Corey: I’m defending conventional small scale neuroscience.

Bobby: [crosstalk 00:48:57]. Sorry, Corey. I didn’t hear the last part. I apologize.

Corey: I guess, I’m really giving you a … Use the Kuhn-ian statement. I’m giving you a statement of the current mainstream neuroscience paradigm.

Bobby: Yes. Yes. So, I would … And then take this with a grain of salt, because I’m super biased. My argument is that this kind of functional mapping of the brain is what’s wrong with why we don’t understand the brain. And I’ll argue, if you don’t mind, specifically for neuroscience but also by analogy. The kind of analogy I’d like to make is to another big mapping project, the human genome project, which also, when it was introduced, people said, “Geez. This sounds a little unnecessary. We already know where all the genes are. Why do we have to map all the regions that aren’t genes? Why do we care about that?”

Bobby: And it turned out, of course, that the comprehensive map revealed that the non-coding regions … What I learned in college was called junk DNA, is hardly anything but. That was the Kuhn-ian moment, perhaps for genomes. Once we did the whole genome, we realized things that we didn’t before. That’s the first.

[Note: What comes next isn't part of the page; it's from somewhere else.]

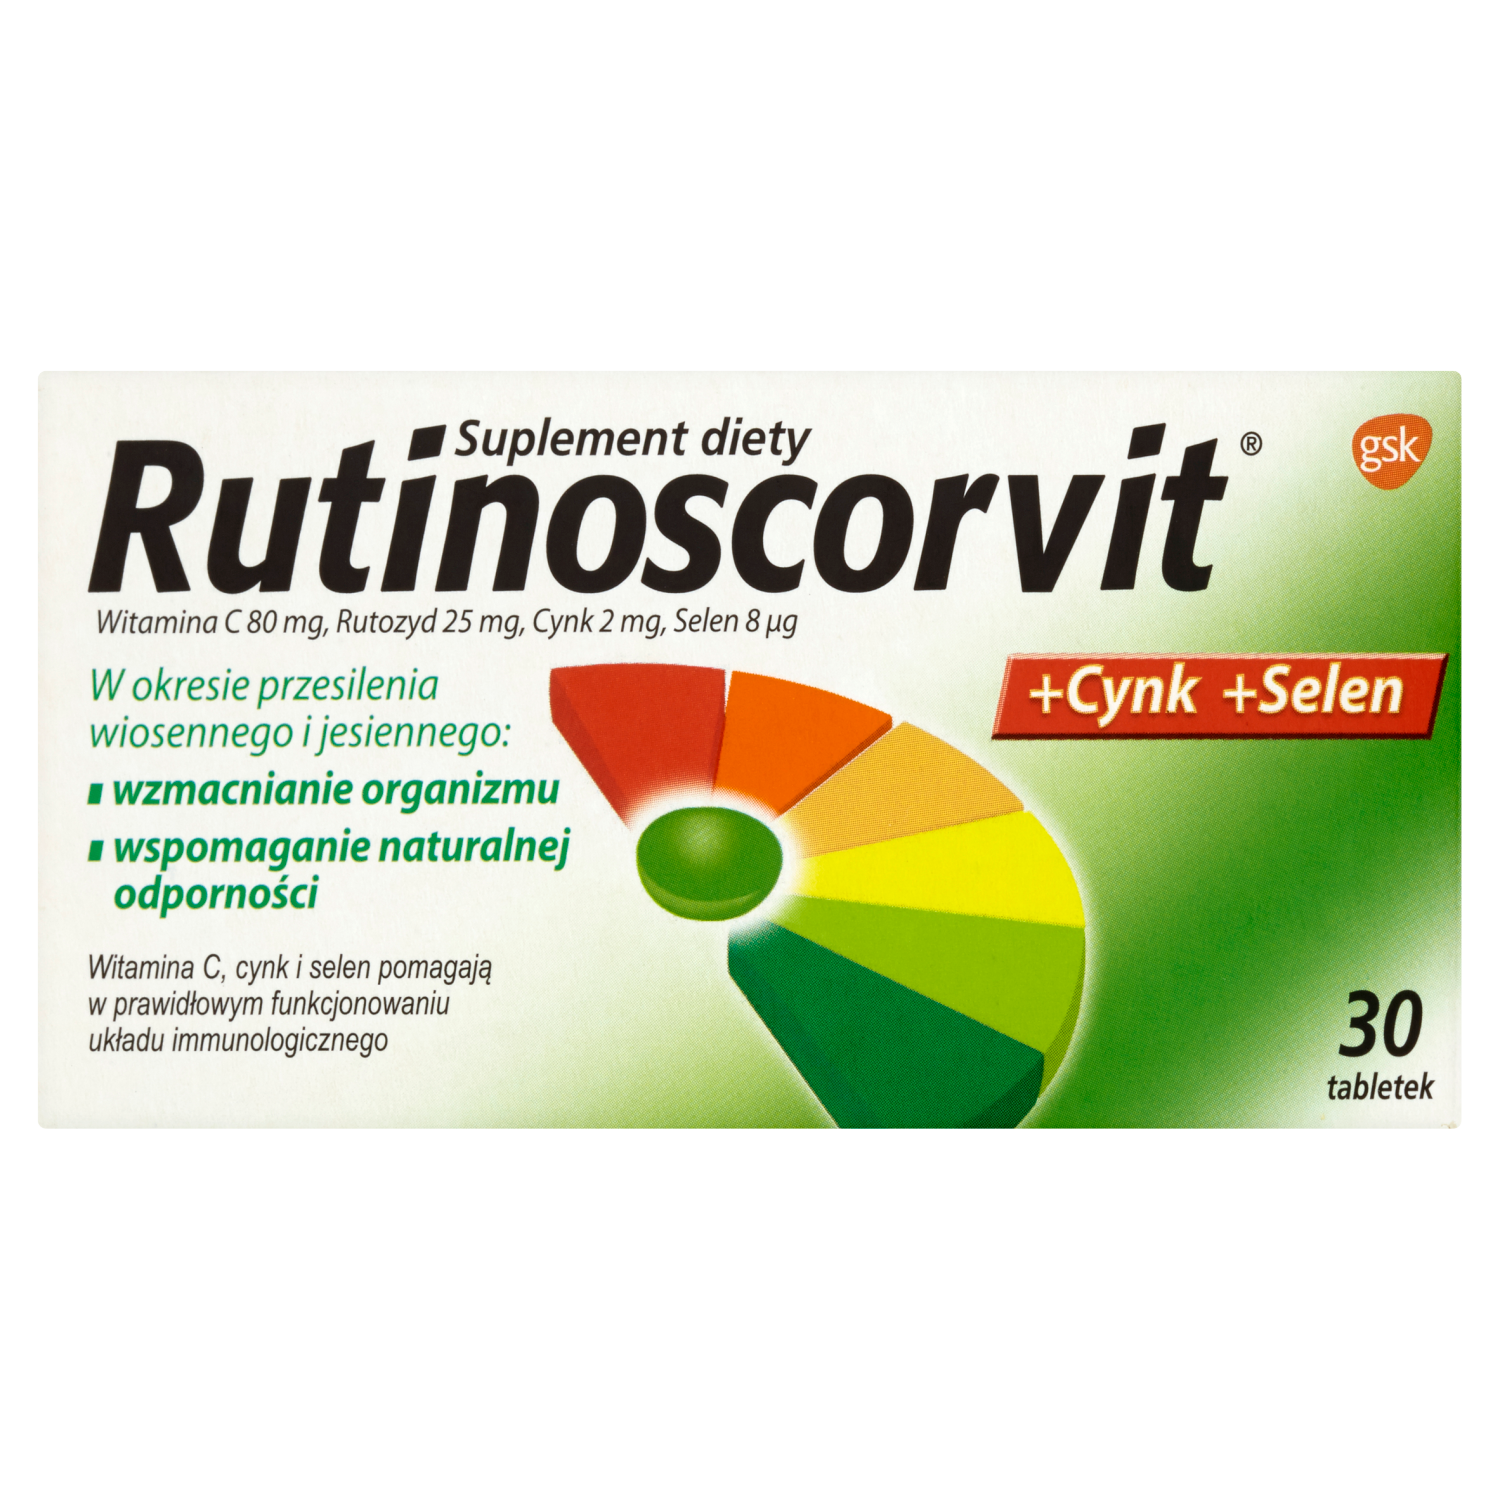 Rutinoscorvit биологически активная добавка, 30 таблеток/1 упаковка биологически активная добавка экко плюс бифидумбактерин 1000 30 таблеток

Bobby: The second is if you think about how the genome worked, nobody ever mapped a functional genome. That’s because the function of something and the way neuroscientists test it is just an ad hoc made up explanation for what a human brain thinks the function of a neuron is. We’ve really gotten really far with this. There are visual systems. There are para-visual systems. All of these things of human beings from ablation studies, from functional recordings, have set up these maps.

Bobby: If you made the functional genome and you said, “Well, let’s map the function of every gene,” it would be a complete … I can’t curse, but it would be a complete S show.

Steve: You can curse [inaudible 00:50:50].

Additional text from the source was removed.